I believe that one’s Islamic self-concept should extend outside of Islamically conducive environments such as events, lectures, halaqahs, retreats or the mosque, and into other realms of one’s life. Only then can one truly examine the practical impact that their learning is having on their lives. That is, anyone can be a great Muslim when surrounded by other great Muslims at various events and gatherings, but the truth is in who you are when you are with your family, at work, at school and especially, when you are alone.
Further, beyond calling my brothers and sisters in faith to self-examine, I call for a reform on our delivery and approach to any of our Islamic events.
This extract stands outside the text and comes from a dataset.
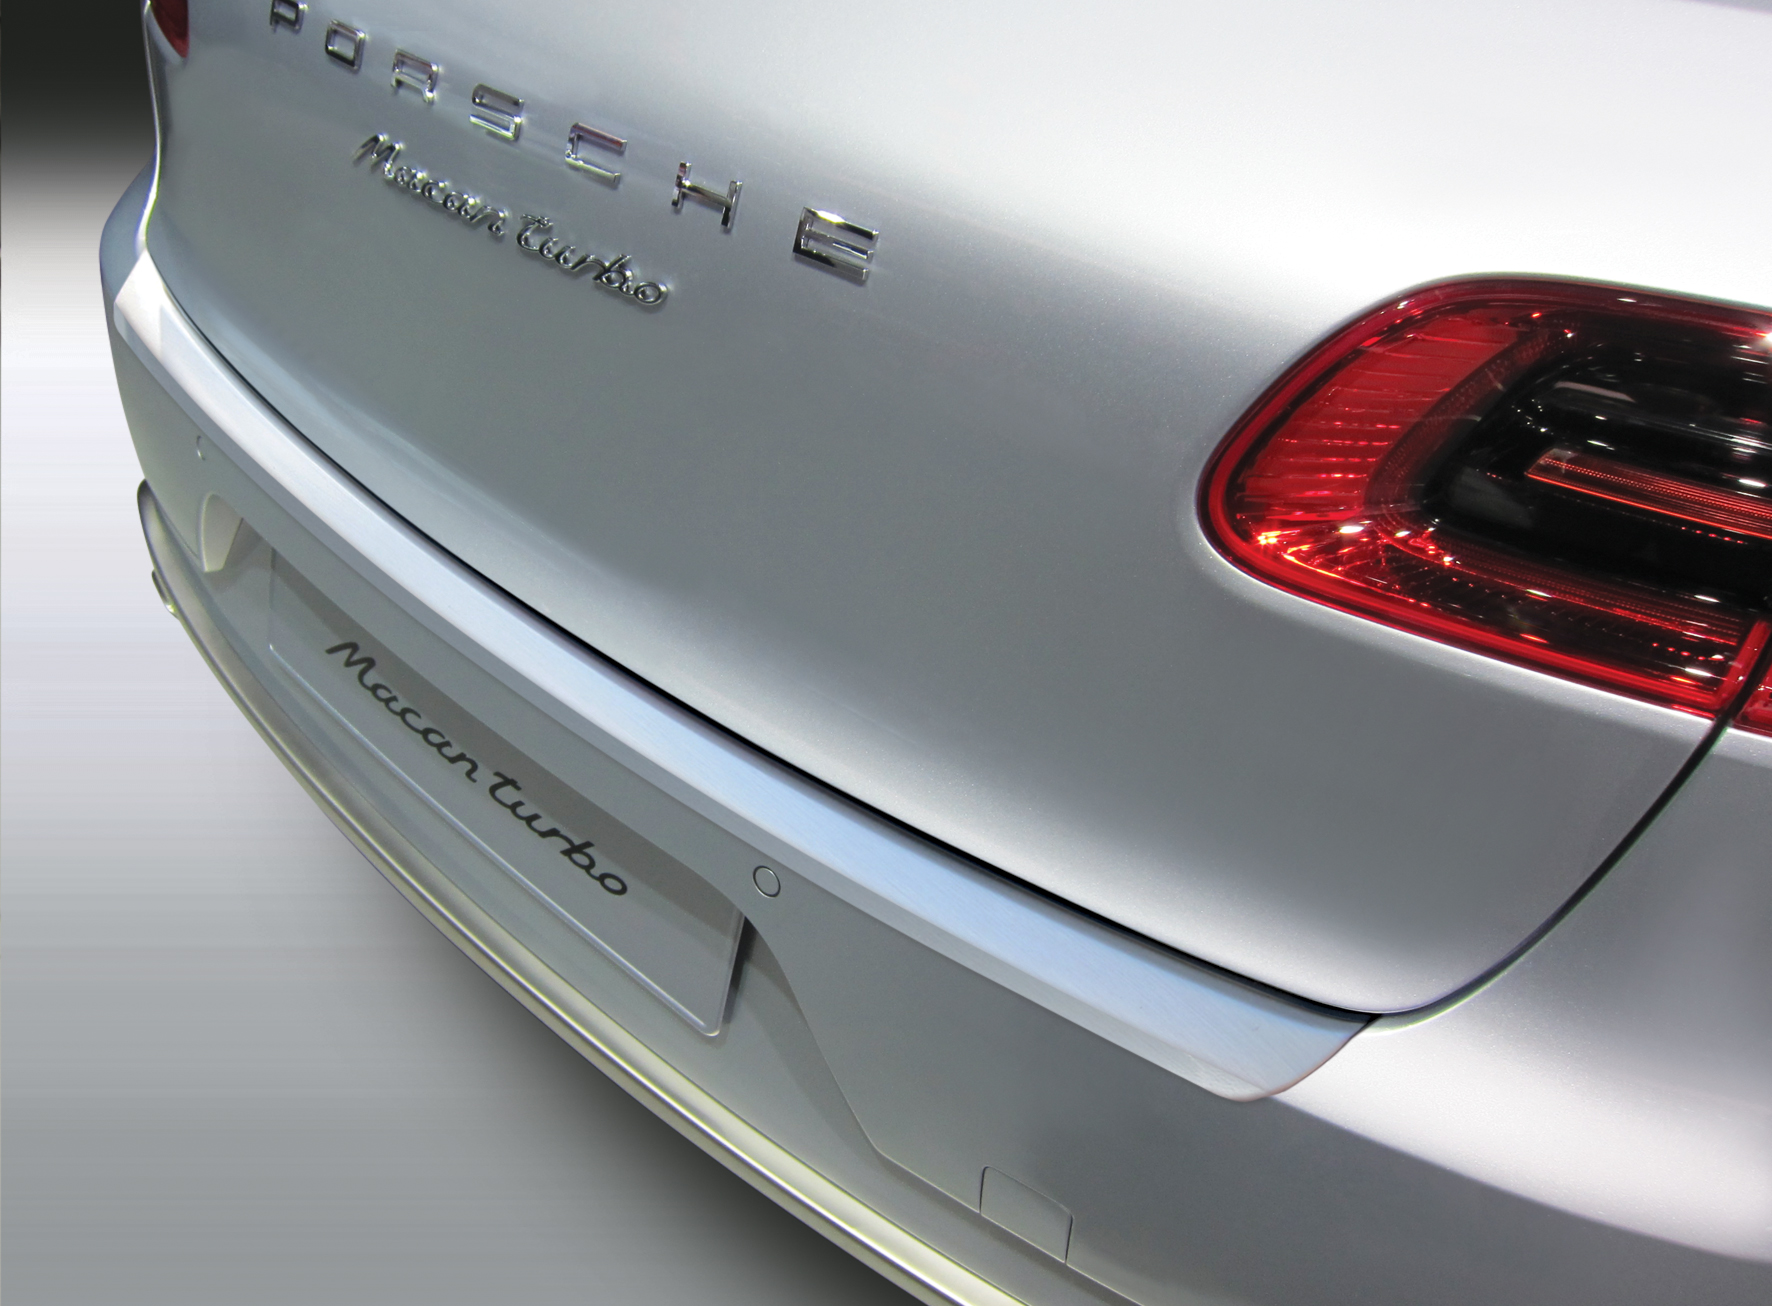 Ladekantenschutz mit Abkantung passend für Aroba Sonderfarbe | BJ. ABS 04.2014 ab Optik Gebürstet bis Porsche Aluminium Macan 08.2018
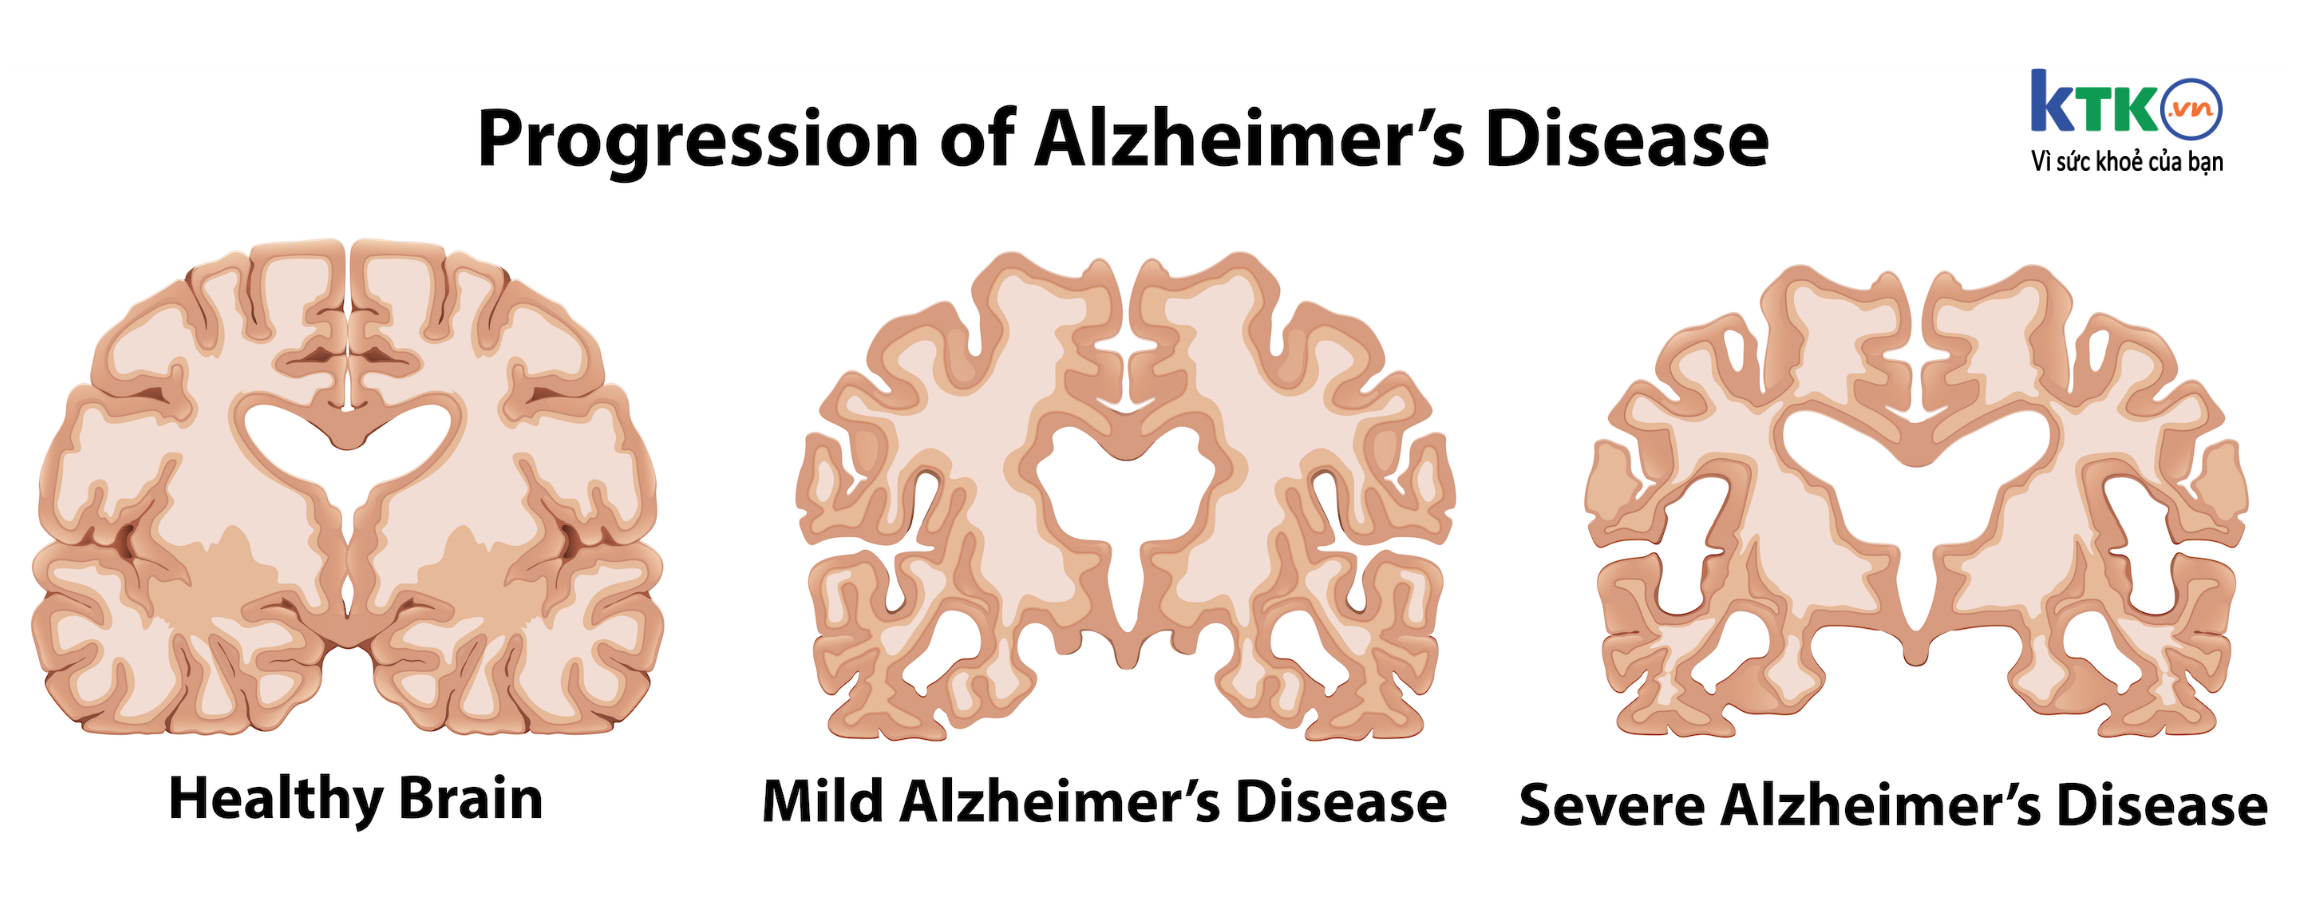 Bệnh Alzheimer’s biểu hiện như nào?

- Know your audience (e.g. have less conferences on marital relations and more on drug abuse if you have found a spiked number of deaths due to drugs in your community).
- Focus less on surface issues such as how to segregate the genders, and more on the spiritual condition of your community members.
- Be intentional on choosing speakers who understand your community’s needs, and are equipped with not only sound Islamic knowledge, but an inherent – and practical – wisdom and spirituality.
- Quality >>>>> Quantity. Seek to draw spirituality, and not just high attendance numbers.
- Invite speakers from diverse backgrounds, whether that be ethnically, gender-wise, or career wise. As well, focus on capitalizing on the talents of intellectuals who already exist in your community as opposed to consistently bringing in speakers from outside.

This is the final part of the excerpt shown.